### Activity
In the entries below, which lines run from the one with "Камера заднего вида" through the one with "Götterbaum, Chinesischer Götterbaum, Ailanthus"? Repeat exactly those, both included, and no pictures.

### Data excerpts
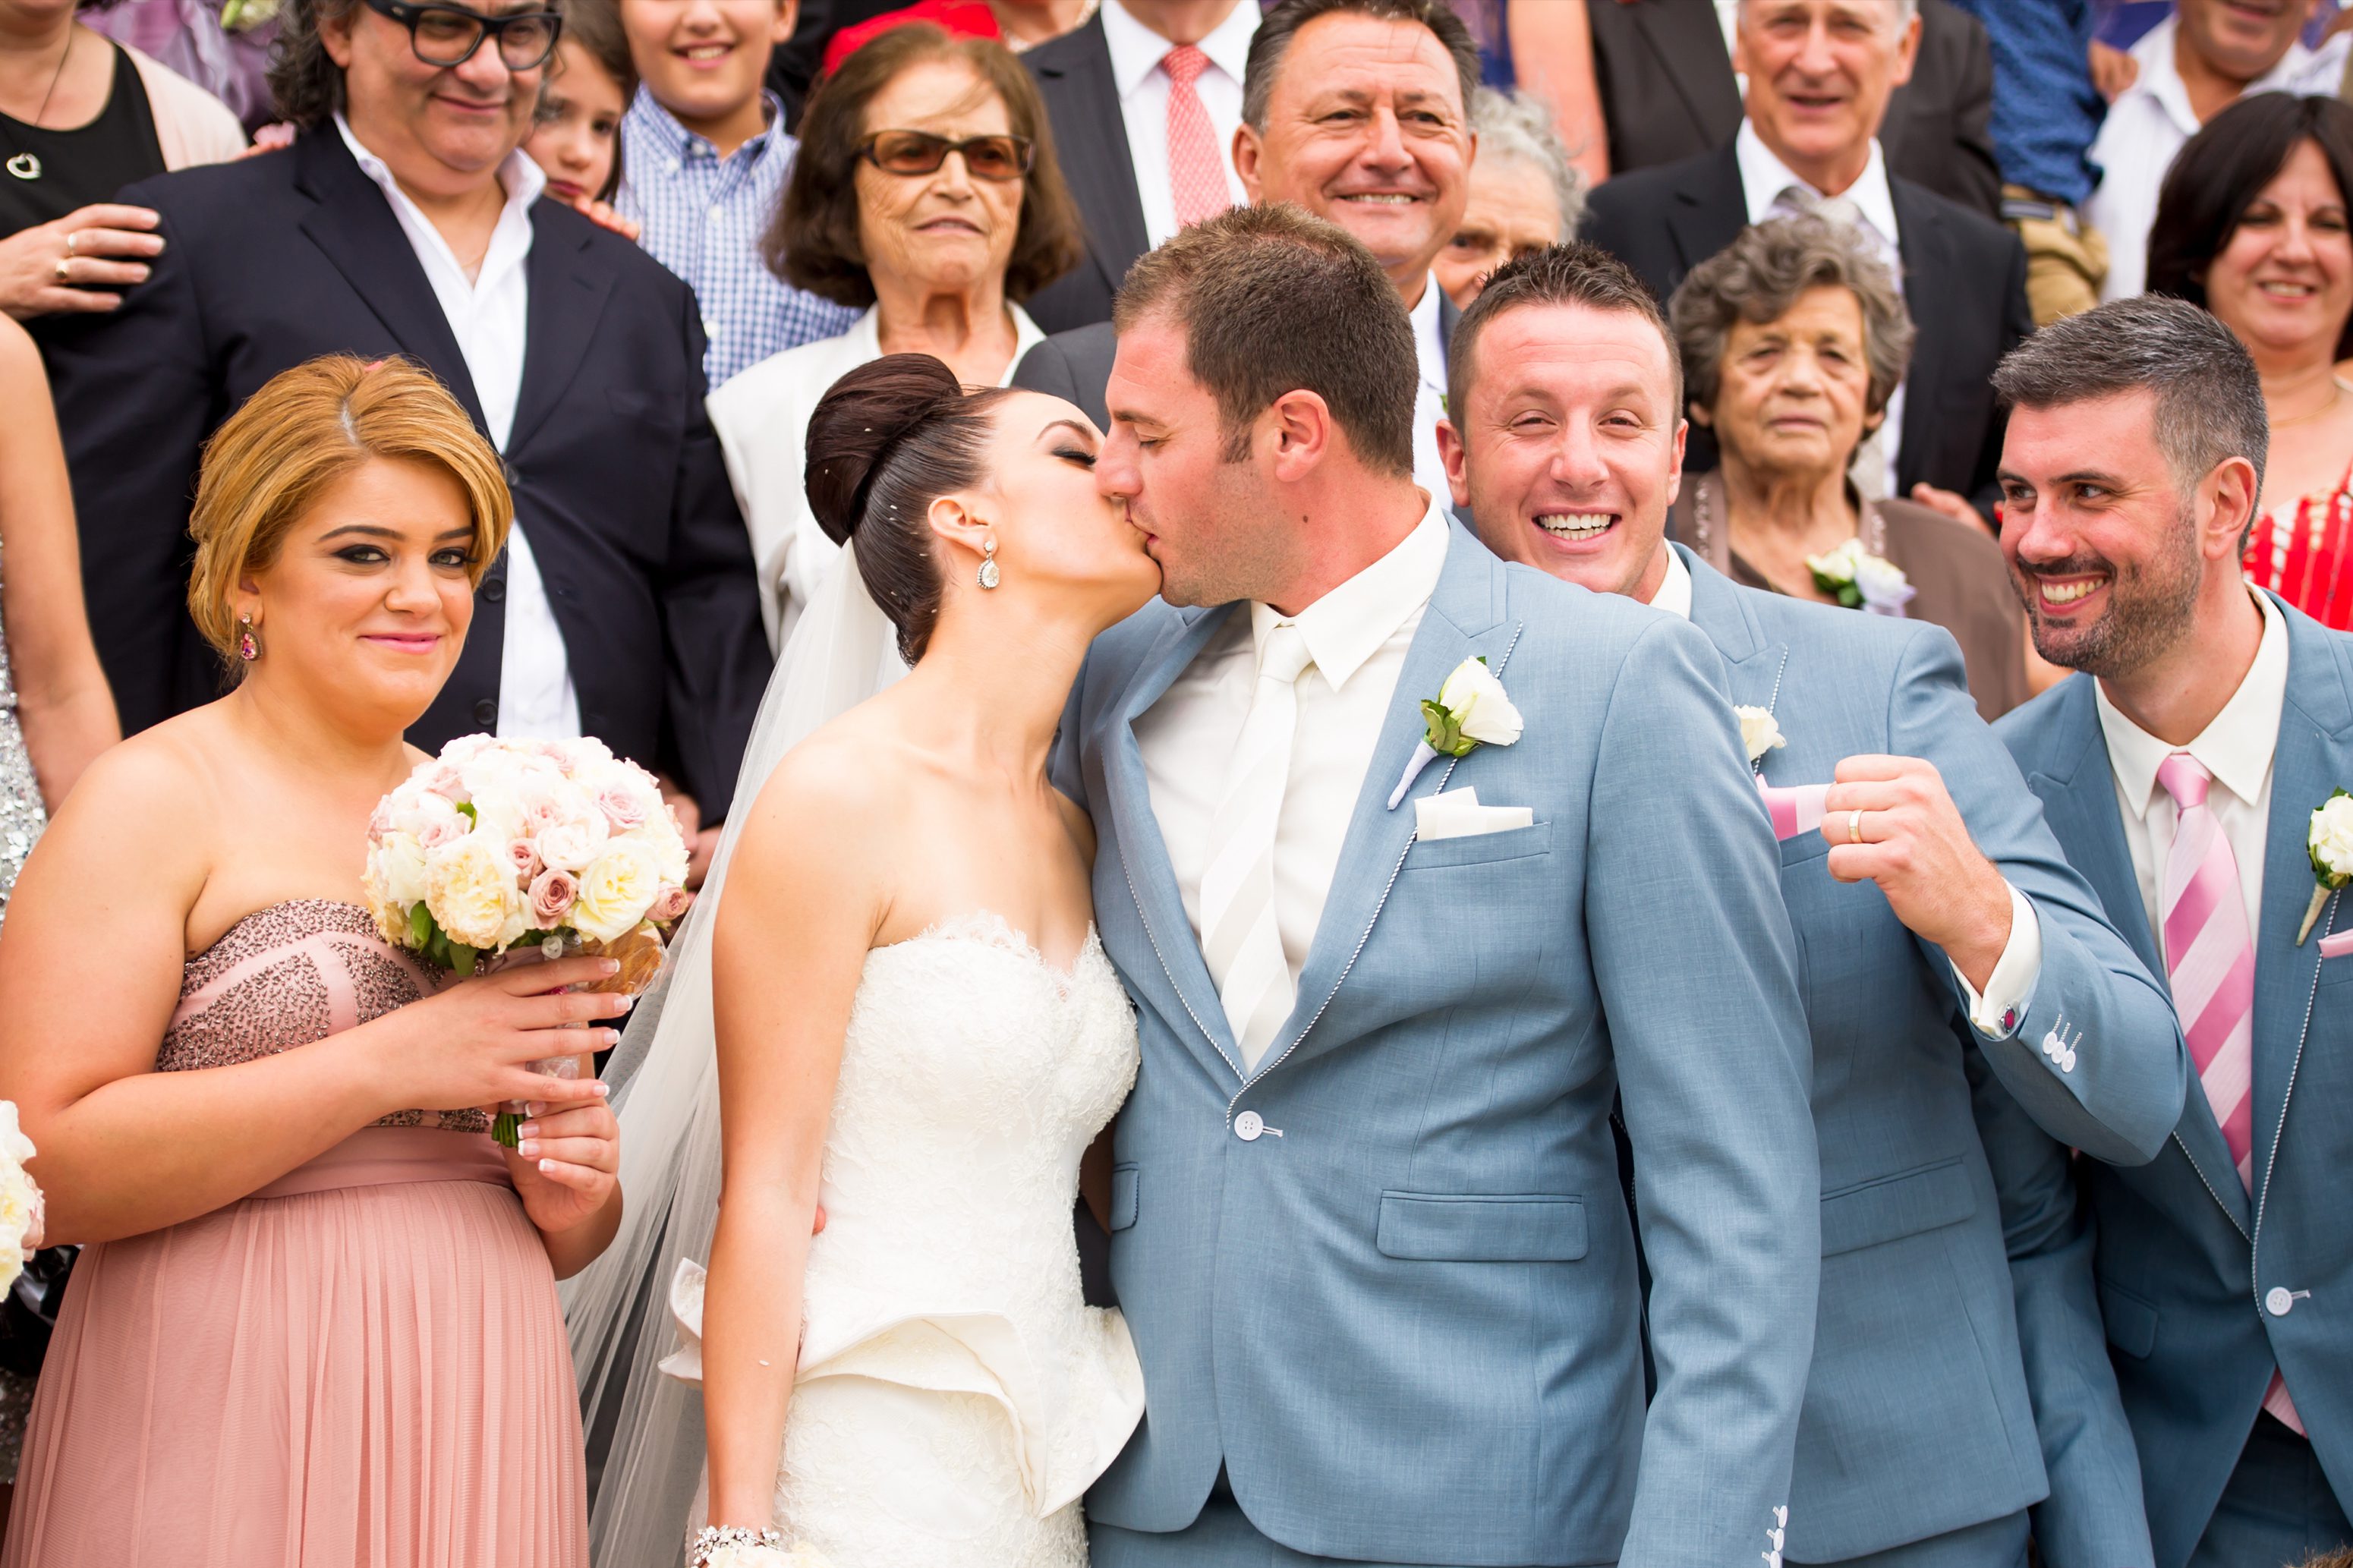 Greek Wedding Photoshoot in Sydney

---

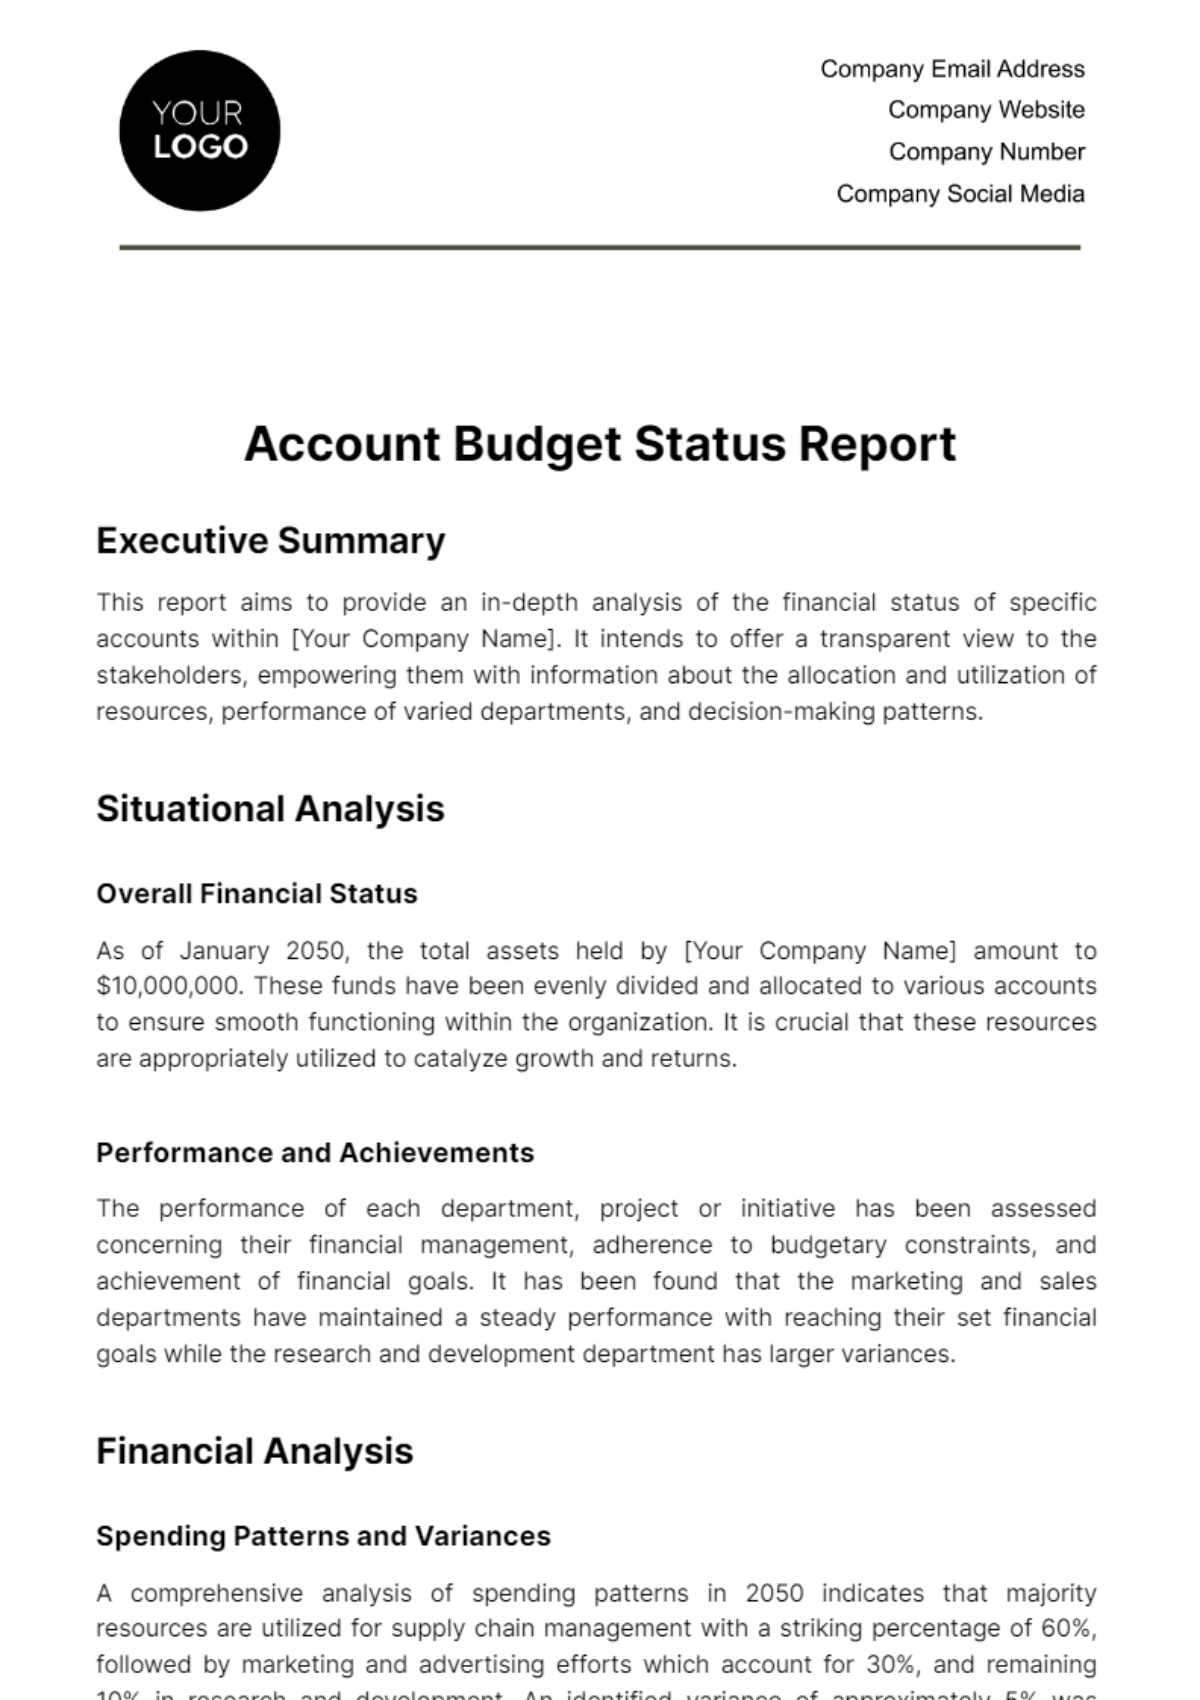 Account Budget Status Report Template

* * *

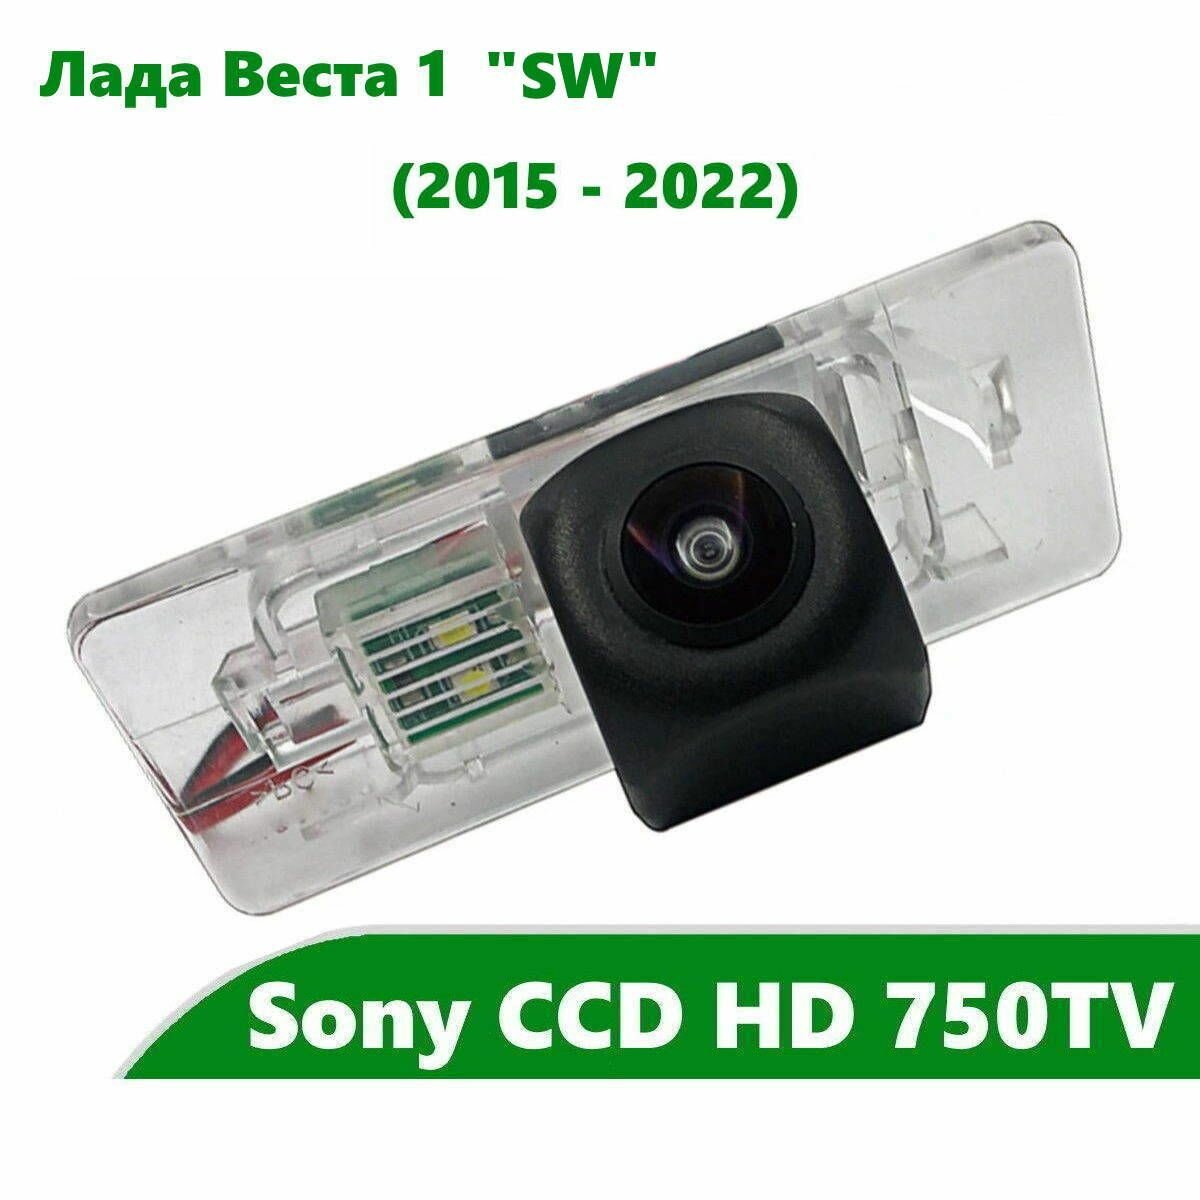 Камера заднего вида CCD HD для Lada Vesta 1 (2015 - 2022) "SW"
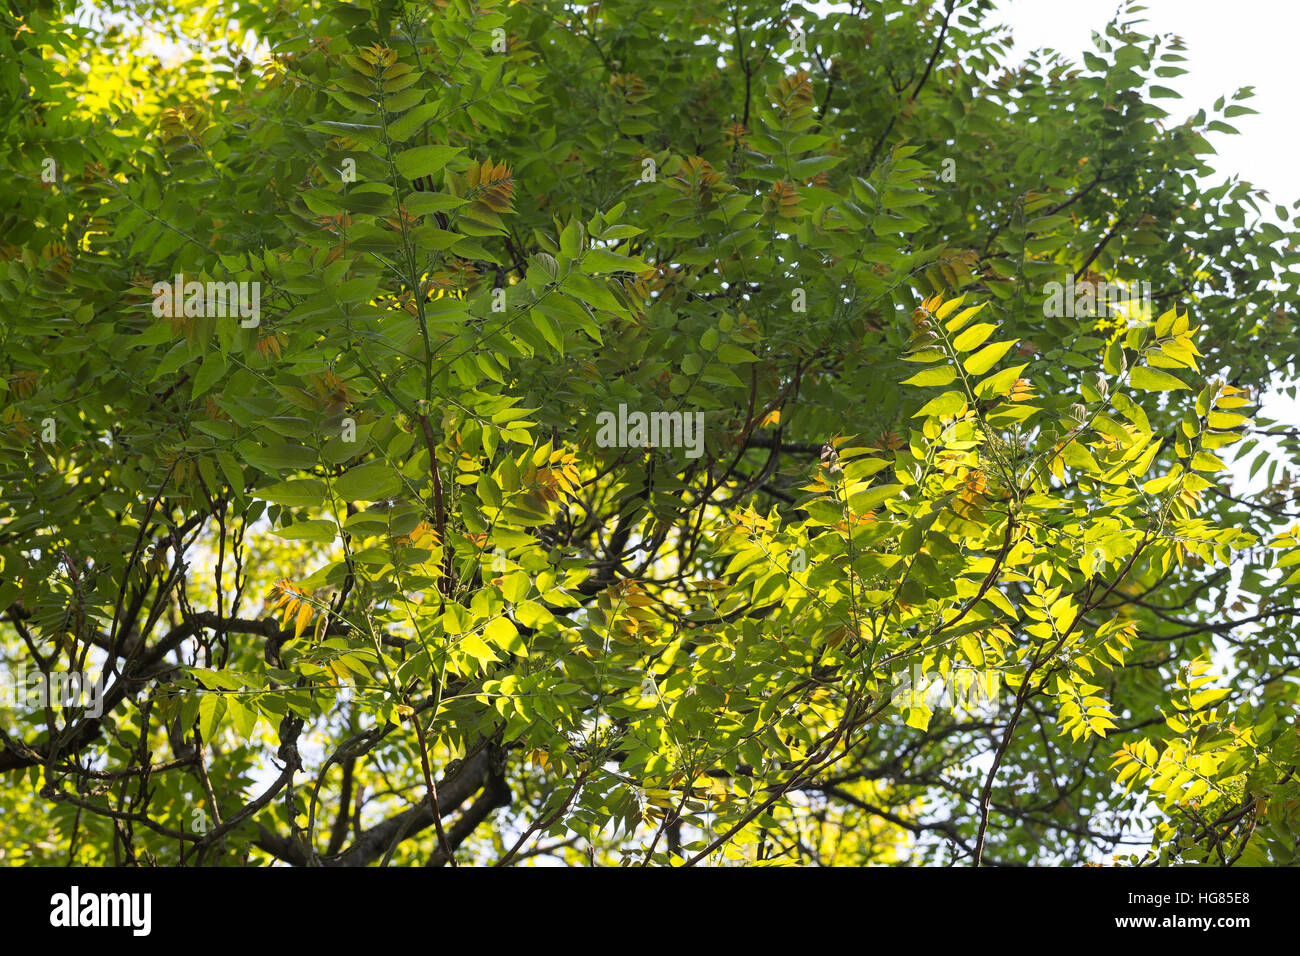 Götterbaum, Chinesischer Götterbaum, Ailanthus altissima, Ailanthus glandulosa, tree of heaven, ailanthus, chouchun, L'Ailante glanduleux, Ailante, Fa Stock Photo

### Task output
 Камера заднего вида CCD HD для Lada Vesta 1 (2015 - 2022) "SW"
 Götterbaum, Chinesischer Götterbaum, Ailanthus altissima, Ailanthus glandulosa, tree of heaven, ailanthus, chouchun, L'Ailante glanduleux, Ailante, Fa Stock Photo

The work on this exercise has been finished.